このレビューはネタバレを含みます▼
史実に沿ってるだけあってか読後感がすーごーく重いので、この思いを消化させたくてレビューを書きます。世界史の知識は中学の社会科止まりなのですが、歴史物が好きなので読んでみました。無料で3巻まで読んで、続きが気になって大人買いして一気に読んでしまいました。暗い、、 ひたすら暗いです。暗いけど面白い。面白いけど暗い。努力は報われず、登り詰めたと思っても信じた人に裏切られ、邪魔な奴を蹴落とすためなら手段を選ばない、、。ちょっとでも隙を見せたり、誰かから邪魔だと思われたら、無実の罪で追放されて処刑されたり、妃が何度変わっても同じことの繰り返し。まあ実際に不義の罪があった妃もいたけれど。読んでいて救いが無い。でも面白いです。史実に基づいた複雑でややこしい話を、わかりやすくしてくれてます。やっぱりどこの国も同じようにドロドロの争いの時代があったんだなあと思いました。宗教観の違いが血で血を洗うような争いにまで繋がることについては、正直その感覚がよくわからないけど、今も昔も宗教と戦争は切り離せない、デリケートでシビアなものなんだなと実感しました。現代でも、そうですもんね。
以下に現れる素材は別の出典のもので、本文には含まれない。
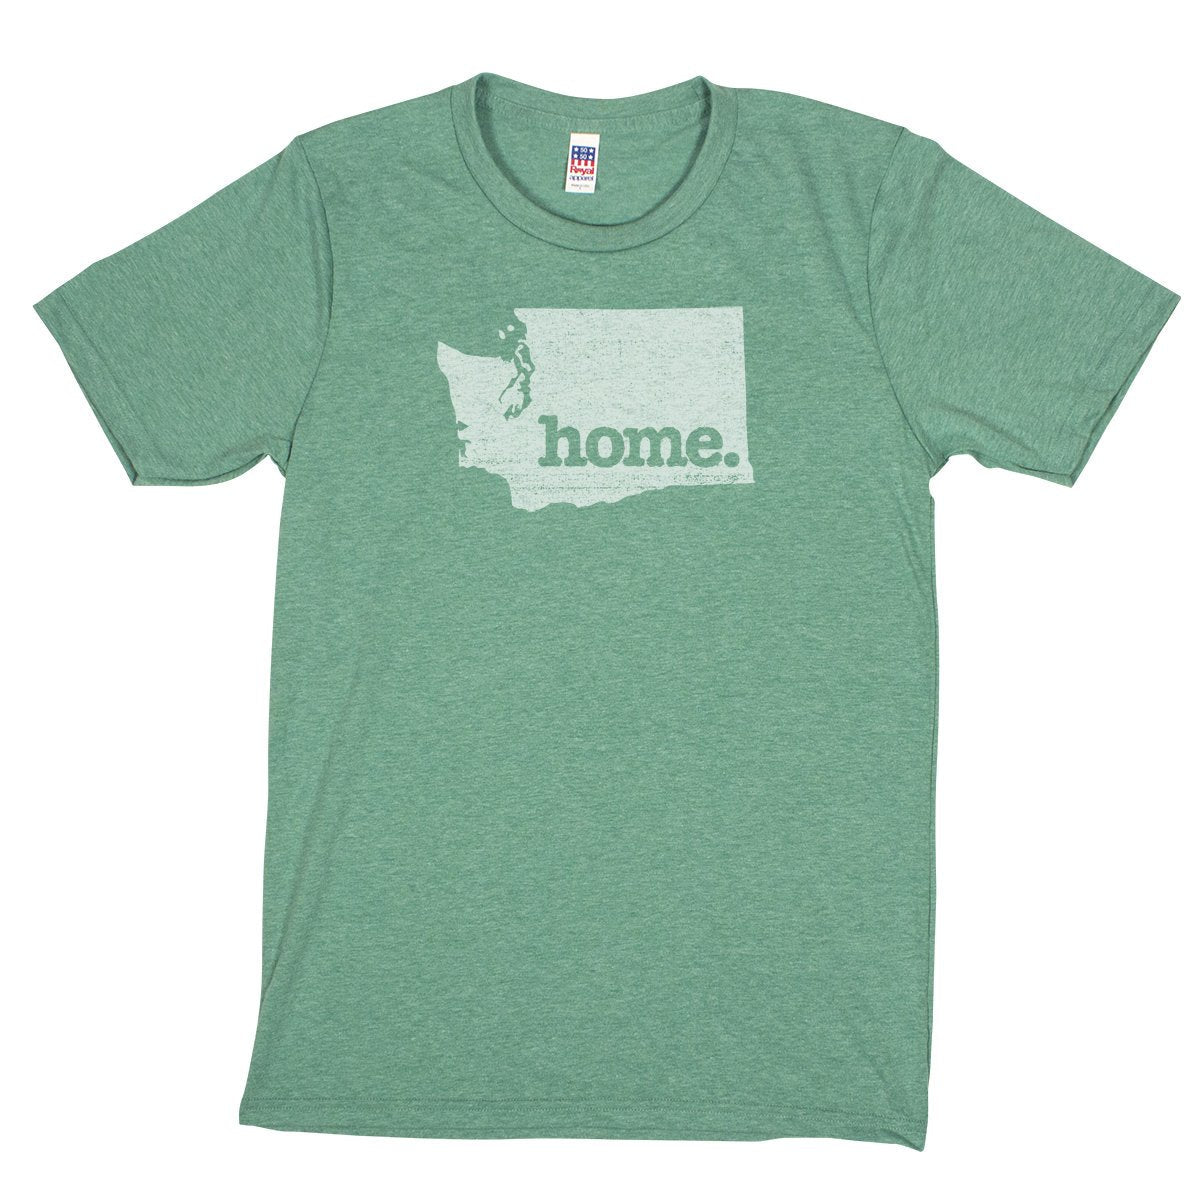 home. Men’s Unisex T-Shirt - Texas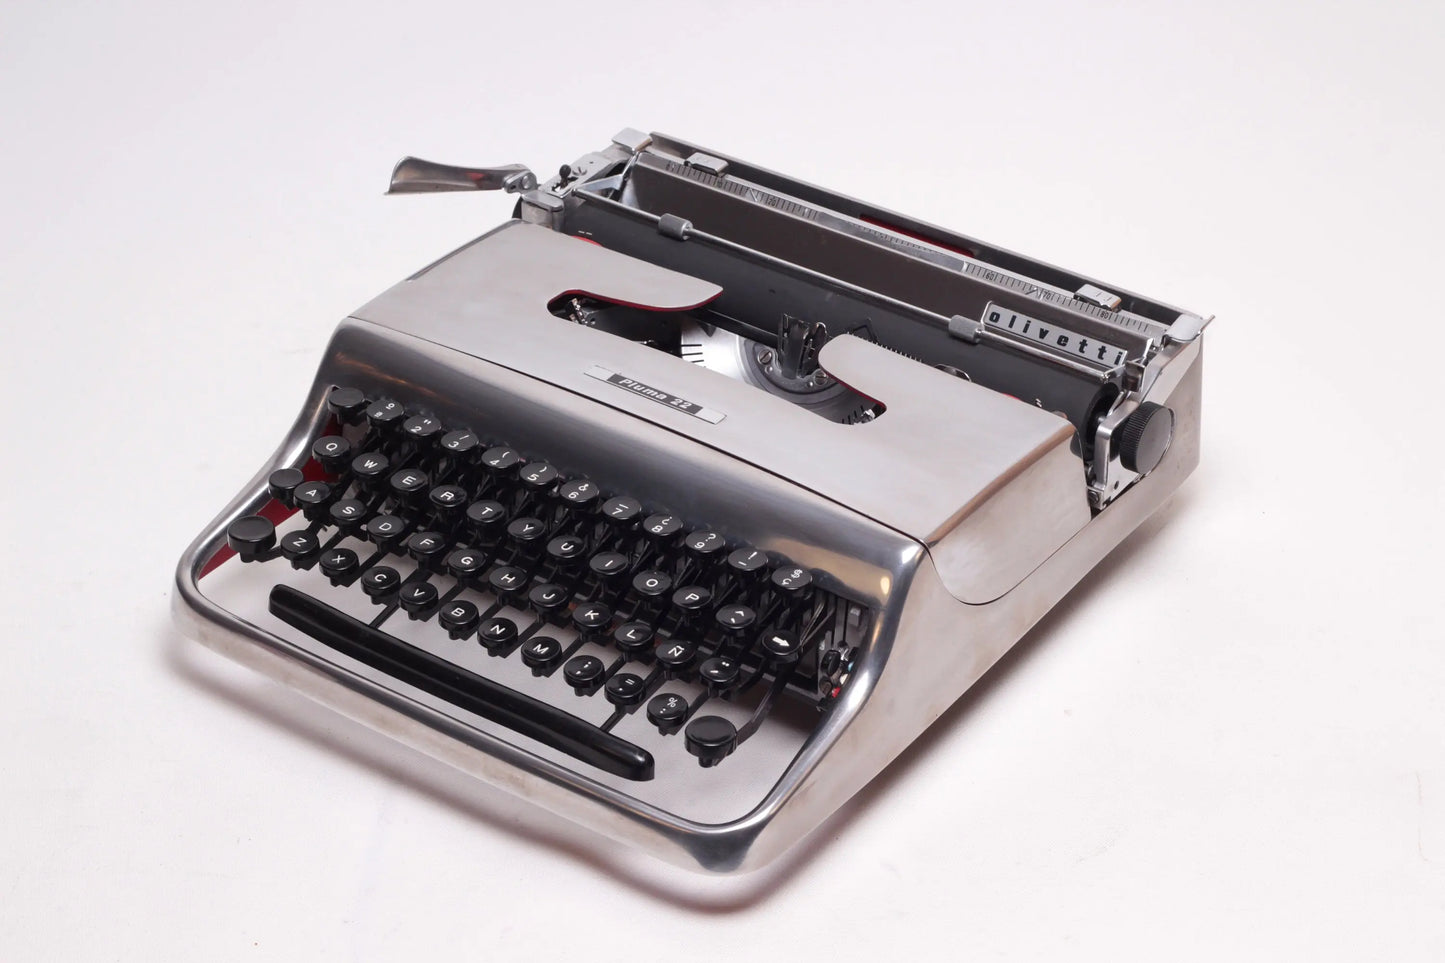 SALE! - Limited Edition Olivetti Pluma 22 "Chrome" Aluminum Typewriter, Vintage, Professionally Serviced - ElGranero Typewriter.Company

ヘンリー8世とその周りの人達がヤバい人ばかりなので、エリザベスとセシルとセシルの家族だけはまともというか、誠実で強く優しく、信念が変わらないのが唯一この漫画の救いどころ。そしてエリザベスとセシルの絆が固いのがとても良い。これは変わらないでいて欲しい。エリザベスとセシルが断絶したら泣いてしまうよ、、笑。まあ史実を少し調べてみた限り、大丈夫だと思うけど。主人公補正でセシルが悪事に手を染める描写はないけど、実際のところはどうなんだろう。あと、ヘンリー8世をはじめとする気持ち悪いオジサンの絵がうますぎて気持ち悪くてトラウマになる笑(褒めています、、)
暗いけど読んでよかった。政治が好きな人は楽しめそう。あらすじをちゃんと理解したいから、細かい字で書かれた政治的思惑や諸外国との力関係の説明も頑張って読んだけど、ドロドロした政治はあまり好きではないから正直頭が重くなった笑。でもエリザベスが女王になるのを楽しみに読もうと思います。イギリスに行ってみたくなりました。